What the exercise asks
Could you give back exactly the lines below from the one with "Neil Gokcen hosted" through the one with "This is a gorgeous", without a single picture?

Records for the exercise
_ _ _ _ _

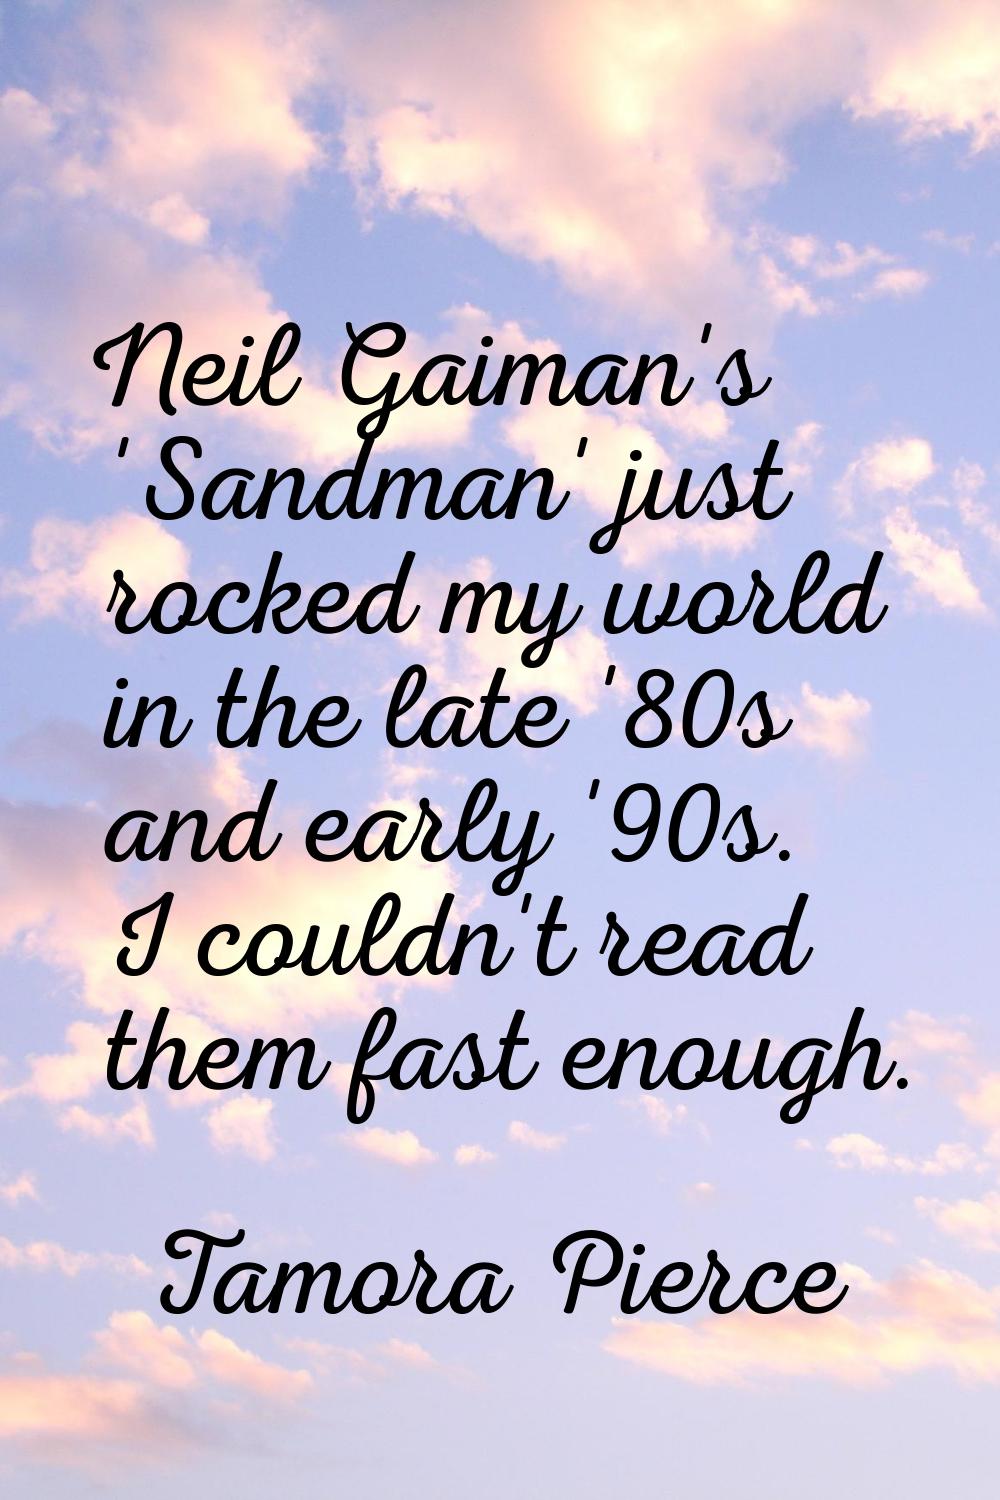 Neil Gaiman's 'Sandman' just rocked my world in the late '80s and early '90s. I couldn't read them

_ _ _ _ _

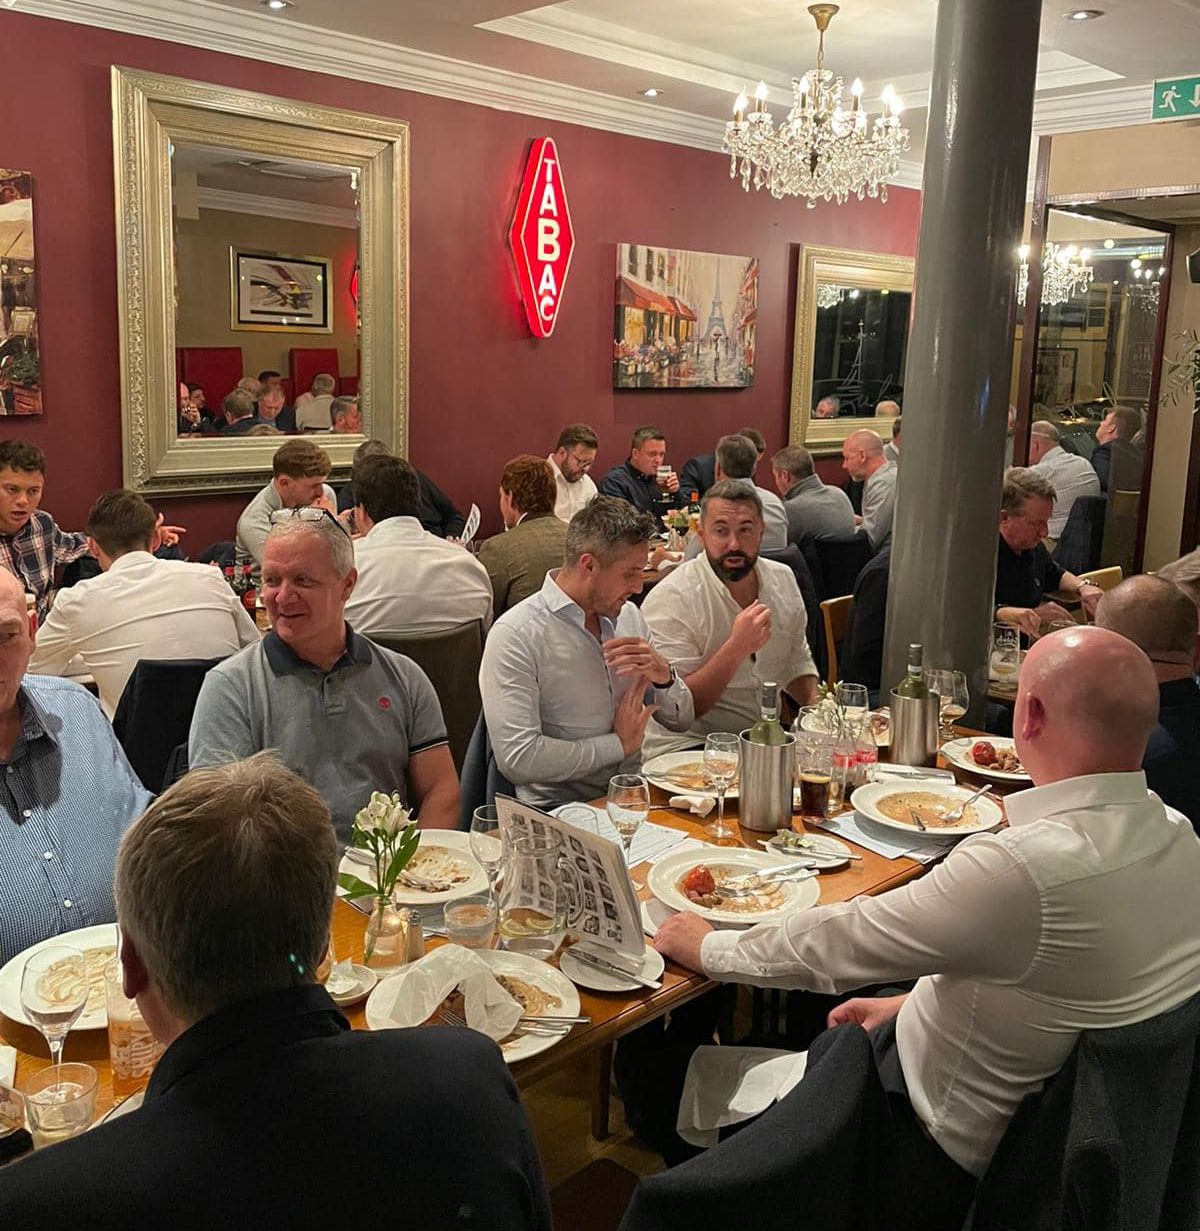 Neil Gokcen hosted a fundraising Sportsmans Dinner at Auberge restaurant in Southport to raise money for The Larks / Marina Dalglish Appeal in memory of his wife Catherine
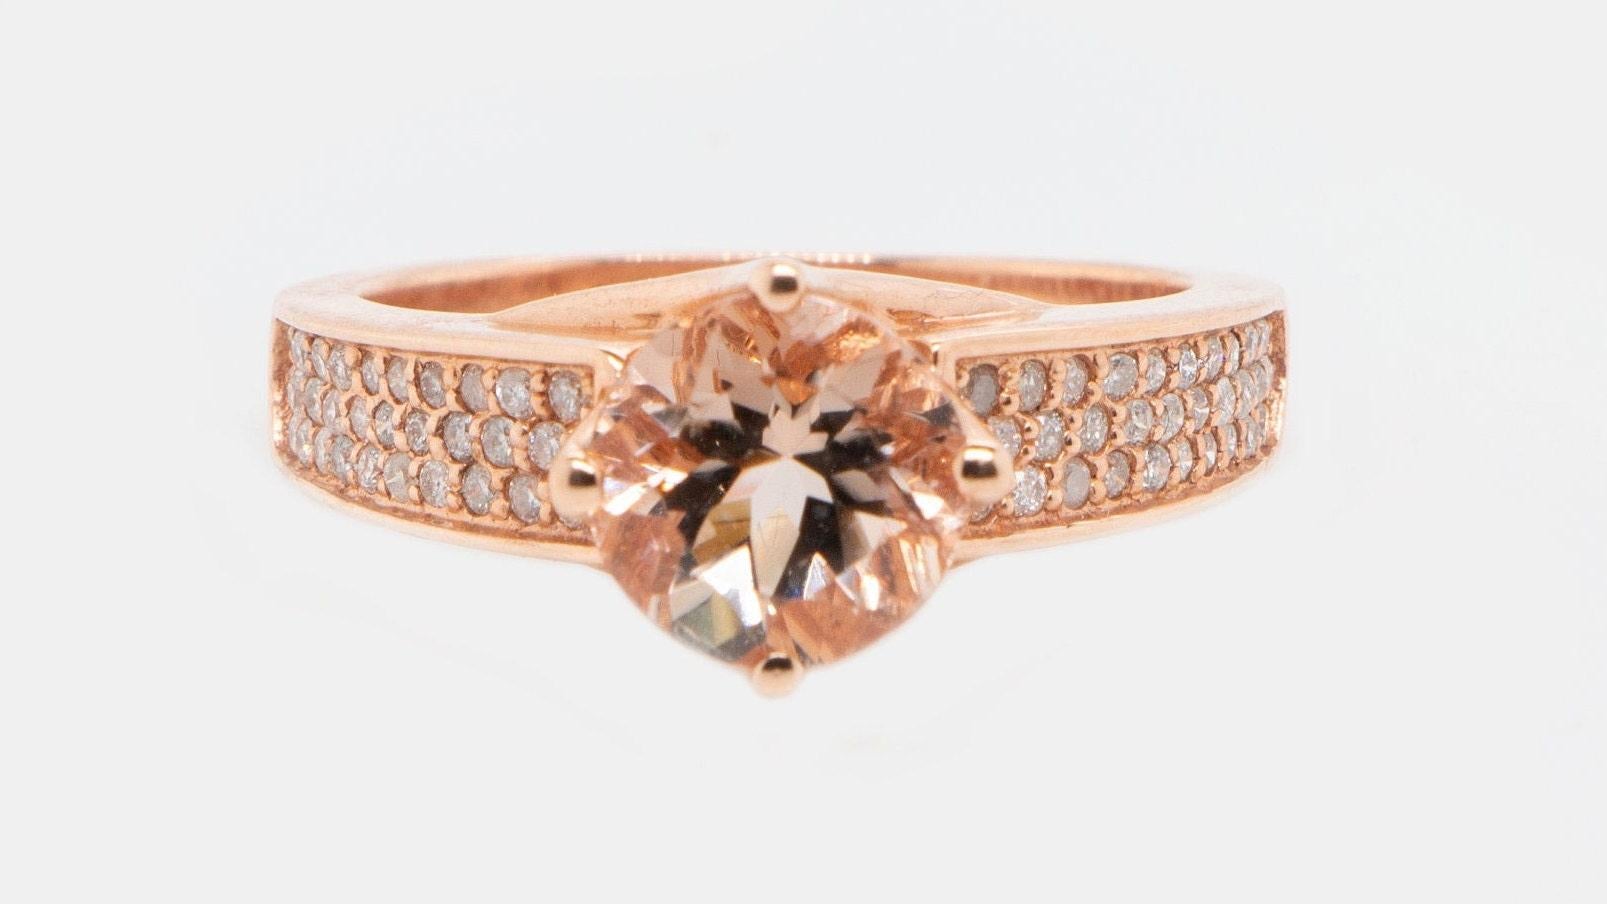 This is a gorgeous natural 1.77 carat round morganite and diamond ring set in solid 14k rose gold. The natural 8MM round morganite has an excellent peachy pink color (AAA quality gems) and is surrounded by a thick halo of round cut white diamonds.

_ _ _ _ _

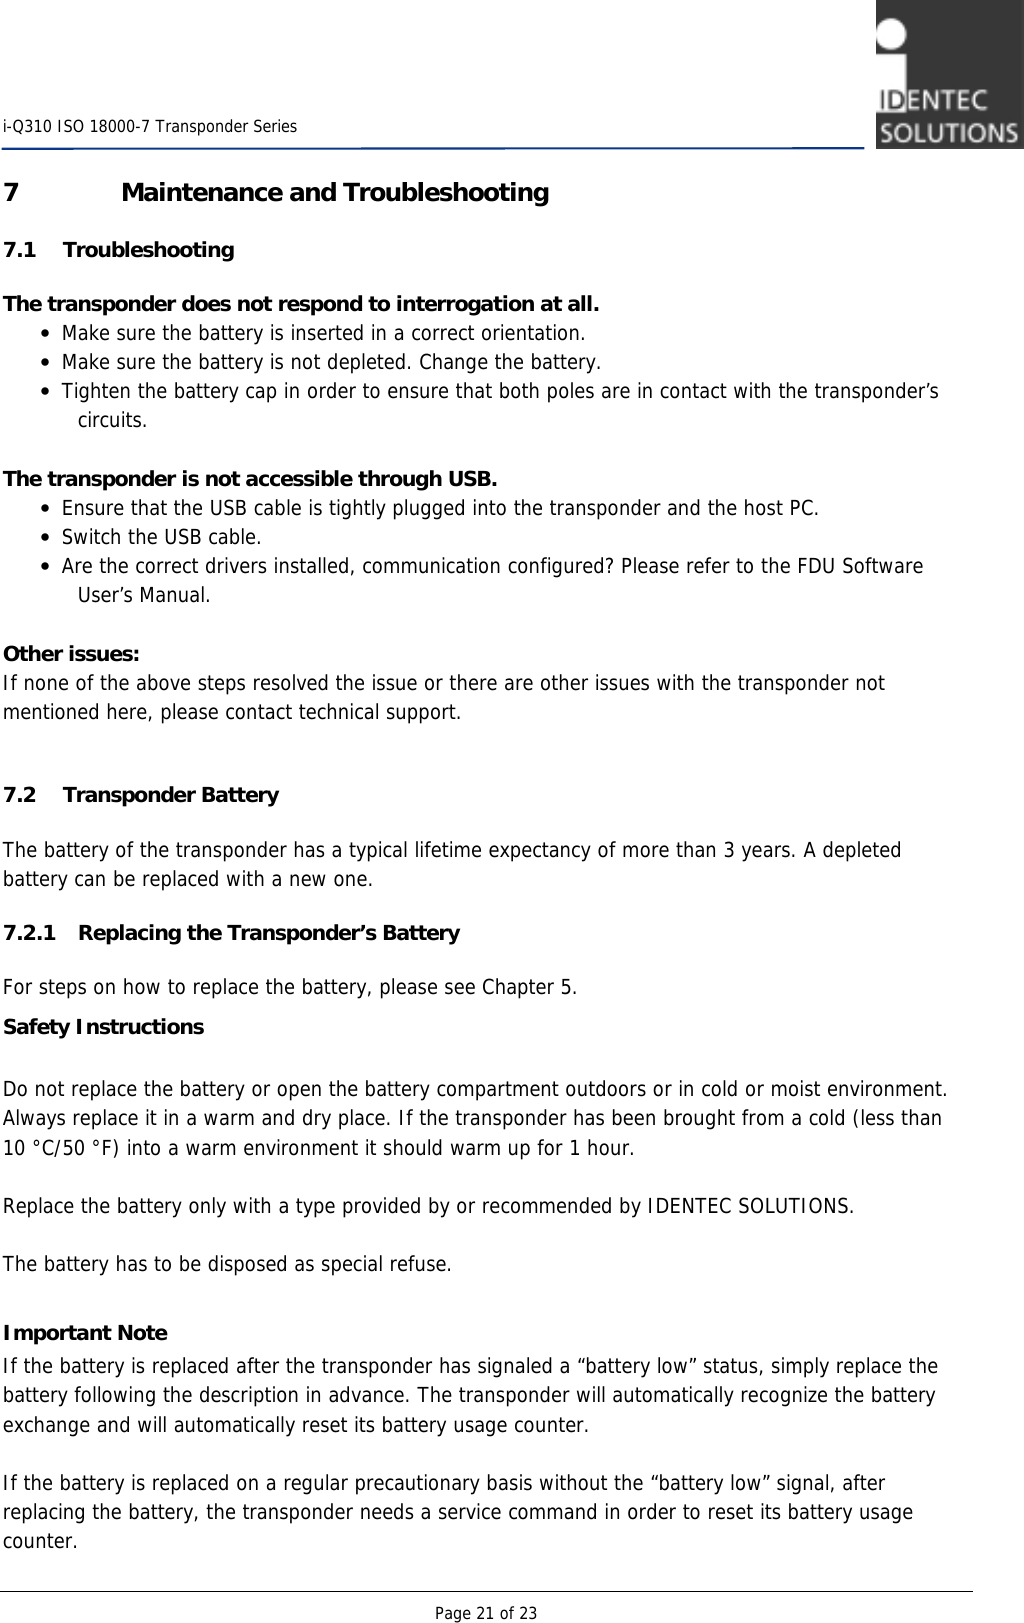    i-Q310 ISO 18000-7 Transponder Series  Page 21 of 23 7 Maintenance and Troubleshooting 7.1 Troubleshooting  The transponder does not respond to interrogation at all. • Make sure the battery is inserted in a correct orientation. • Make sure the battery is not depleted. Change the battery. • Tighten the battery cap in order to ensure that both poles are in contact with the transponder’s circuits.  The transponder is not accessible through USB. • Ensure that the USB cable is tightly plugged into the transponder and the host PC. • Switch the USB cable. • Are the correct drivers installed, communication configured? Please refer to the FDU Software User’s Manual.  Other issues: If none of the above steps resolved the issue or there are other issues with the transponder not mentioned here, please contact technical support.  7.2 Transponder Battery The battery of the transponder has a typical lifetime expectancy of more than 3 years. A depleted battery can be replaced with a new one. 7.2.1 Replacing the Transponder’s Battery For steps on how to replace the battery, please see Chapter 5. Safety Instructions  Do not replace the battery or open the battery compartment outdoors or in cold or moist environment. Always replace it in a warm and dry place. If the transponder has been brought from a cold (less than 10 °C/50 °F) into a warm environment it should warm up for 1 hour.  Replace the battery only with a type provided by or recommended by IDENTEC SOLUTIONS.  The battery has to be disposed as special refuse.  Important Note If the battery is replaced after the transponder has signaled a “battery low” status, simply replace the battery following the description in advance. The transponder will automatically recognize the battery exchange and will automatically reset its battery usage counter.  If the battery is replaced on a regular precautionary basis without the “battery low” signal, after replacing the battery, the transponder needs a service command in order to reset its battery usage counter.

_ _ _ _ _

Solved problem
 Neil Gokcen hosted a fundraising Sportsmans Dinner at Auberge restaurant in Southport to raise money for The Larks / Marina Dalglish Appeal in memory of his wife Catherine
 This is a gorgeous natural 1.77 carat round morganite and diamond ring set in solid 14k rose gold. The natural 8MM round morganite has an excellent peachy pink color (AAA quality gems) and is surrounded by a thick halo of round cut white diamonds.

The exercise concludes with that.